Jean-Luc Godard, the groundbreaking and genre-bending French New Wave filmmaker and critic whose work was spellbindingly intimate, as well as politically radical, passed away at age 91 in his Switzerland home on September 13th.

Godard was a member of the original pack of French New Wave filmmakers. The marker of the New Wave was that instead of being studied filmmakers within institutions, they were first students of film critique. Many wrote for the French publication Cahiers du Cinema where Godard published his first writings at twenty-one on the topics of montage and defying classical construction. His theoretical works would become an intrinsic part of his filmic works, setting him apart from his New Wave comrades.

Defiance is the word that comes to mind when reminiscing on Godard’s career. Prior to his breakout film, Breathless, the use of the jumpcut in film was a technical error. Purposeful distancing away from Hollywood grandiose and opting for something more akin to a home movie would be a product of a low-budget rather than an artistic choice. He made films out of order, prioritizing editing and what could be conveyed through montage rather than narrative structure. He viewed cinematic rules as optional and meant to be broken. In 1960, Godard made Le Petit Soldat which centered on espionage wars during the time of France’s war in Algeria. The messaging of the film was so rich with Marxist orthodoxies that it was banned in France.

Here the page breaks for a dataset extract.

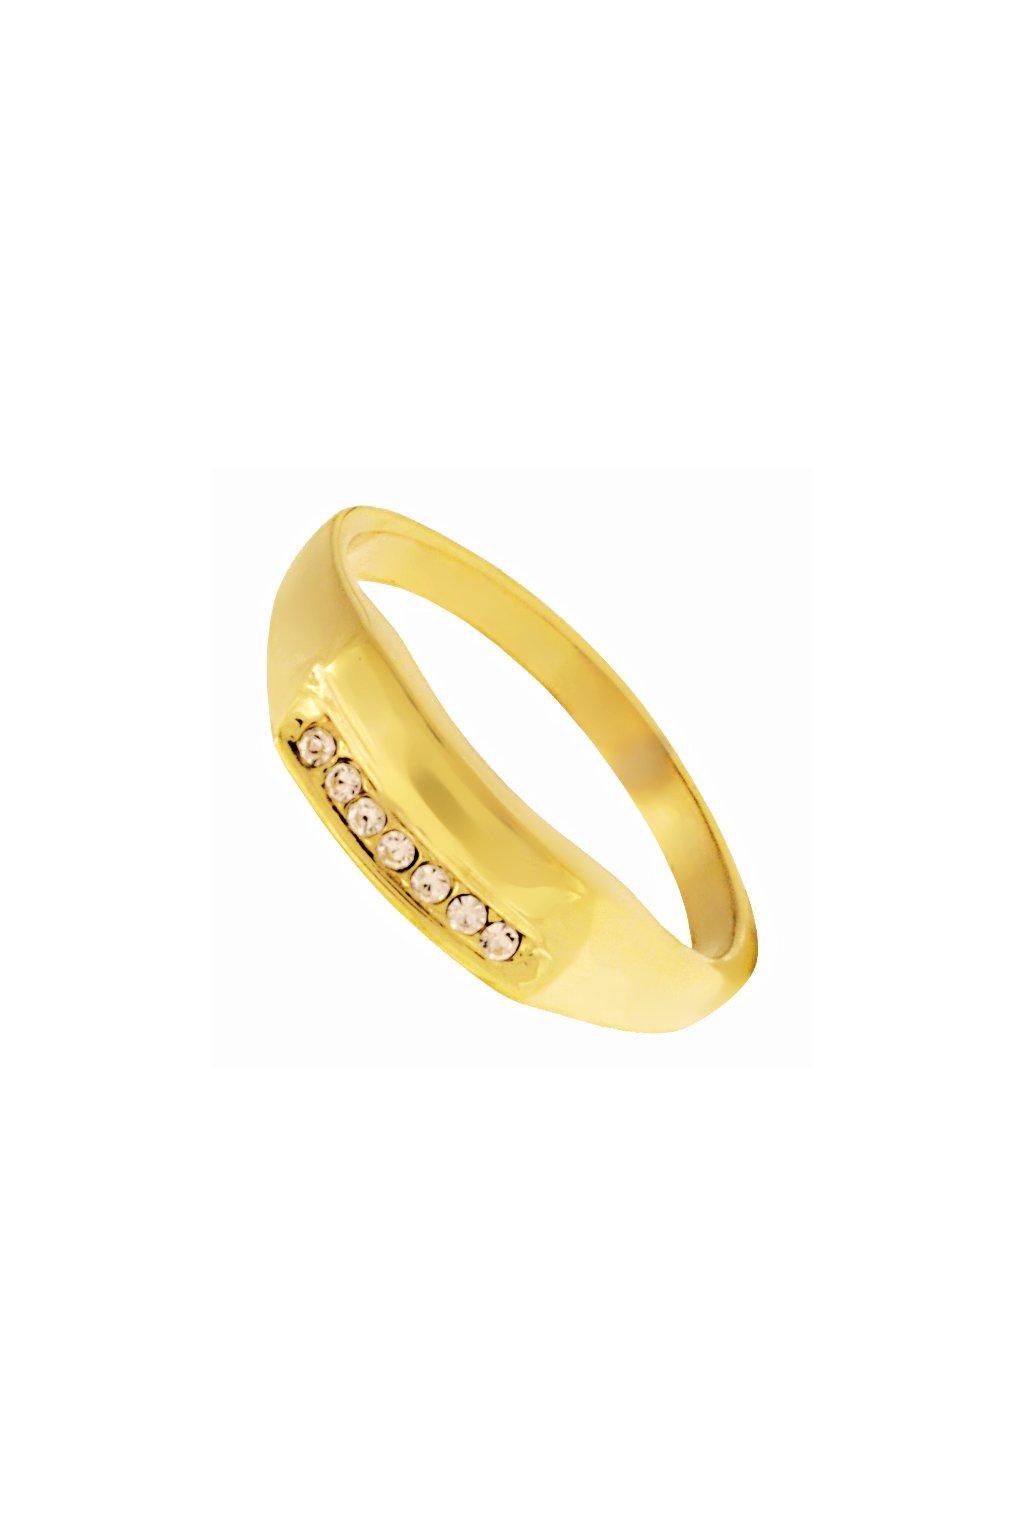 Skalimar Prsten z chirurgické oceli GOLDEN ELEGANCE 312593

Godard’s last completed film was Goodbye to Language in 2014. Notably shot in 3-D, the film discusses the technology of translation and is a testament to Godard’s refusal to stick by the old regime of anything. He adapted where he saw fit, he made films driven by personal curiosity, and he provided a consistently refreshing perspective in the age of mass consumerism. Even in the months leading up to his passing, he had visions of new films and written works. He is survived by his wife, Anne-Marie Mieville, who was also his frequent collaborator. You can stream many of his works on Kanopy as well as HBOMax.